From the original fit, you have knot locations spread through the range of mean_radius in your training data. Together with the degree of the B-spline basis (cubic by default in mboost), these knot locations define the shape of your B-spline basis functions. The default in mboost is to have 20 interior knots, which define 24 cubic B-spline basis functions (don't ask...). Lets call these basis functions $B_j(x); j=1,\dots,24$. The effect of your covariate $x=$``mean_radius`` is represented simply as $$ f(x) = \sum^{24}_j B_j(x) \theta_j $$ This is a very neat trick, because it reduces the hard problem of estimating the unspecified function $f(x)$ to the much simpler problem of estimating linear regression weights $\theta_j$ associated with a collection of synthetic covariates $B_j(x)$.

Prediction then is not that complicated: Given the estimated coefficients $\hat \theta_j$, we need to evaluate the $B_j(\cdot);\; j=1,\dots,24$ for the prediction data $x_{new}$. For that, all we need are the knot locations that define the basis functions for the original data.
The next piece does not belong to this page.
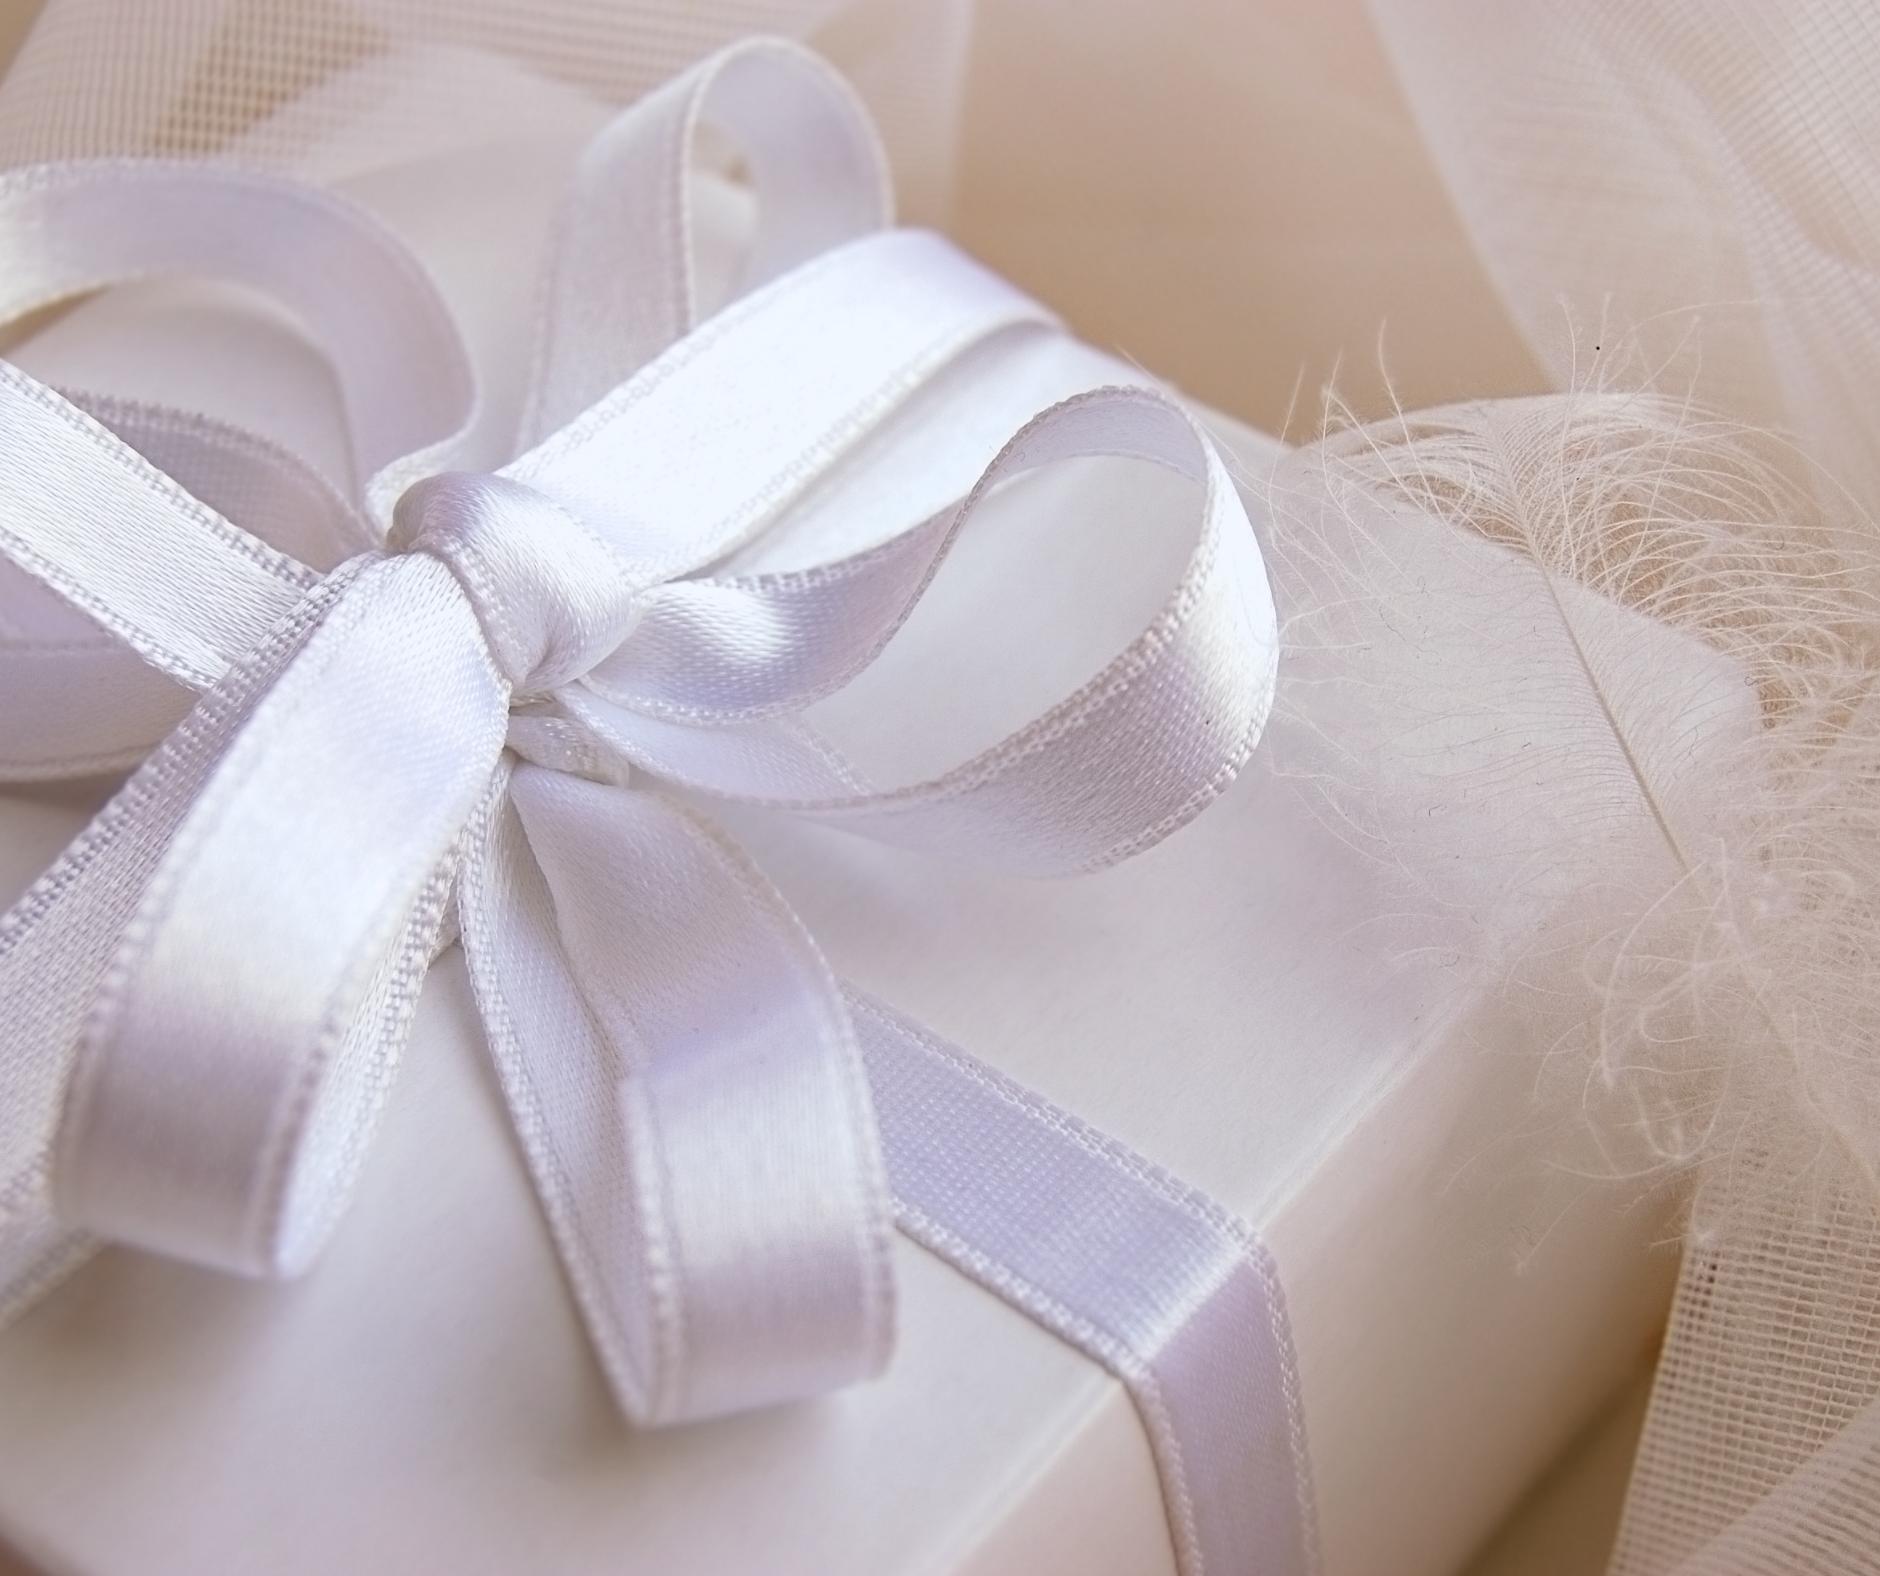 Matrimonio Senza Bomboniere.La Bomboniera Per Il Matrimonio Radicchio Tardivo Cipolle

We then get the predicted values as $$ \hat f(x_{new}) = \sum^{24}_j B_j(x_{new}) \hat\theta_j. $$

Since boosting is an iterative procedure, the estimated coefficients at the stop iteration $m_{stop}$ are actually the sum of the coefficient updates in iterations $1, \dots, m_{stop}$. If you really want to get a grip on the details, take a look at the output you get from

bbs(rnorm(100))$dpp(rep(1,100))$predict,

and go explore from there. For example,

with(environment(bbs(rnorm(100))$dpp(rep(1,100))$predict), newX)

calls

with(environment(bbs(rnorm(100))$dpp(rep(1,100))$predict), Xfun)

to evaluate the $B_j(\cdot)$ on $x_{new}$.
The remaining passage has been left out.